The workflow keyword allows the definition of sub-workflow components that enclose the invocation of one or more processes and operators. Here we have created a sub-workflow for a hypothetical hisat aligner.

workflow hisat {
  hisat_index(arg1)
  hisat_alignment(arg1, arg2)
}

These sub-workflows allow us to use this workflow from within another workflow. The workflow that does not cary any name is considered to be the main workflow and will be executed implicitly. This is thus the entry point of the pipeline, however alternatively we can overwrite it by using the -entry parameter. The following code snippet defines two sub-workflows and one main workflow. If we would only be interested in the star alignment workflow, then we would use nextflow run pipeline.nf -entry star.

workflow star {
  take:
  arg1
  arg2
  arg3

  main:
  star_index(arg1, arg2)
  star_alignment(arg1, arg2, arg3)
}

workflow hisat2 {
  take:
  arg1
  arg2

  main:
  hisat_index(arg1)
  hisat_alignment(arg1, arg2)
}

workflow {
  star(arg1, arg2, arg3)
  hisat2(arg1, arg2)
}

Note

The take: declaration block defines the input channels of the sub-workflow, main: is the declaration block that contains the processes (functions) and is required in order to separate the inputs from the workflow body. These options are useful when the pipeline is growing with multiple entry-levels to keep a tidy overview.

Extra exercises#

Extend the workflow pipeline with a final note printed on completion of the workflow. Read more about workflow introspection here.

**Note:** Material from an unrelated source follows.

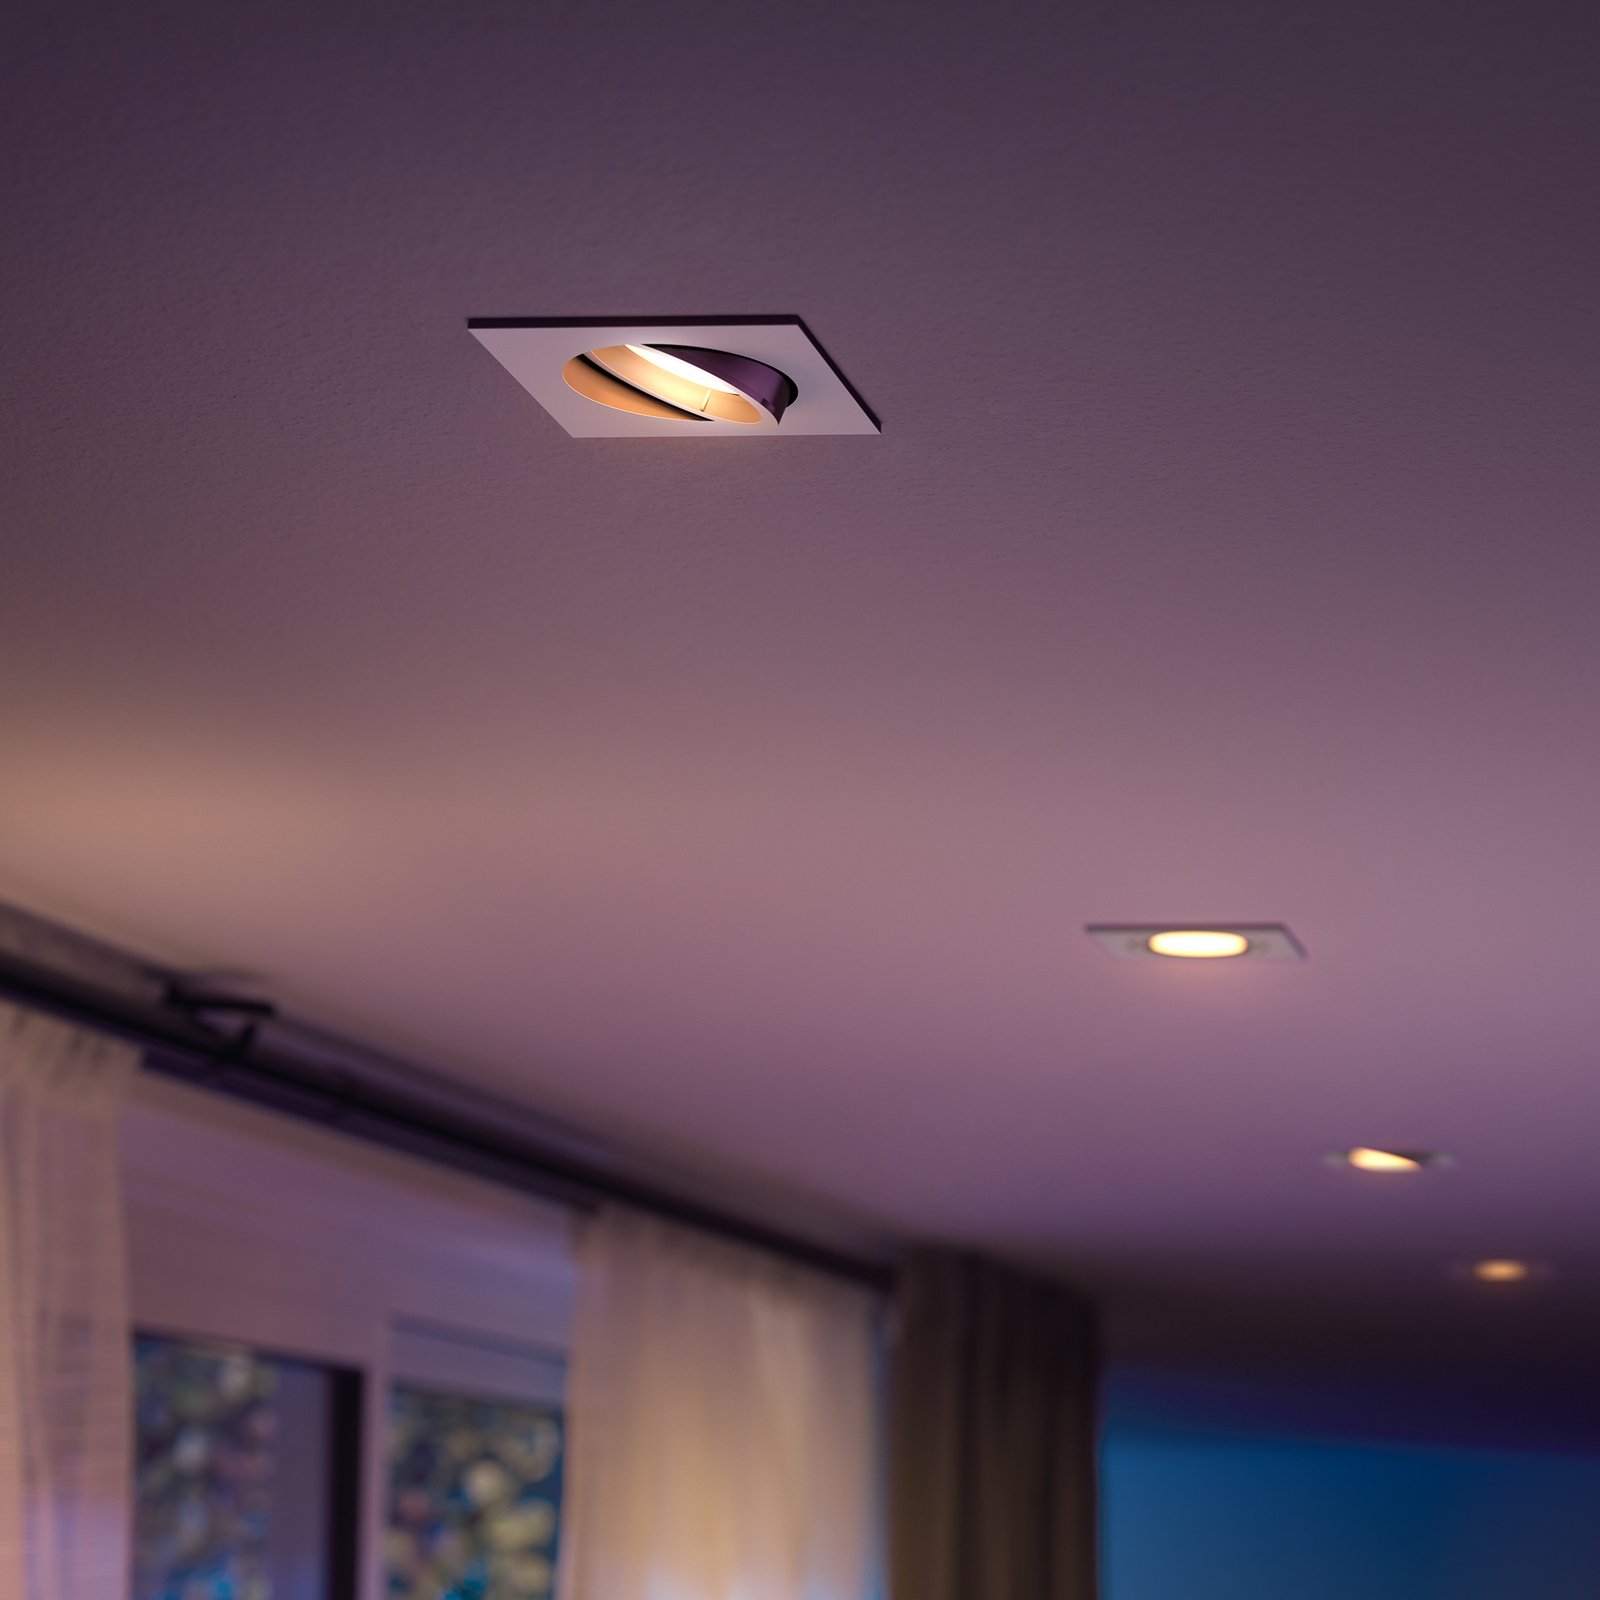 Philips Hue Centura LED projetor de embutir, angular, branco

The solution is given in exercises/03_first_pipeline/solutions/ex.1_RNAseq.nf


Adapt the exercises/03_first_pipeline/solutions/ex.1_RNAseq.nf script so it uses Salmon as an aligner and quantifier. In our temporary solution the alignment with Star has been replaced with Salmon, it would be better to create a subworkflow so you can choose upon -entry to work with Star or Salmon.

The solution is given in exercises/03_first_pipeline/solutions/ex.2_RNAseq.nf.


Write a Nextflow script for a tool that you use in your research. Use the same approach with parameters, channels, process in a module, and a workflow.

If you are stuck, don’t hesitate to ask for help!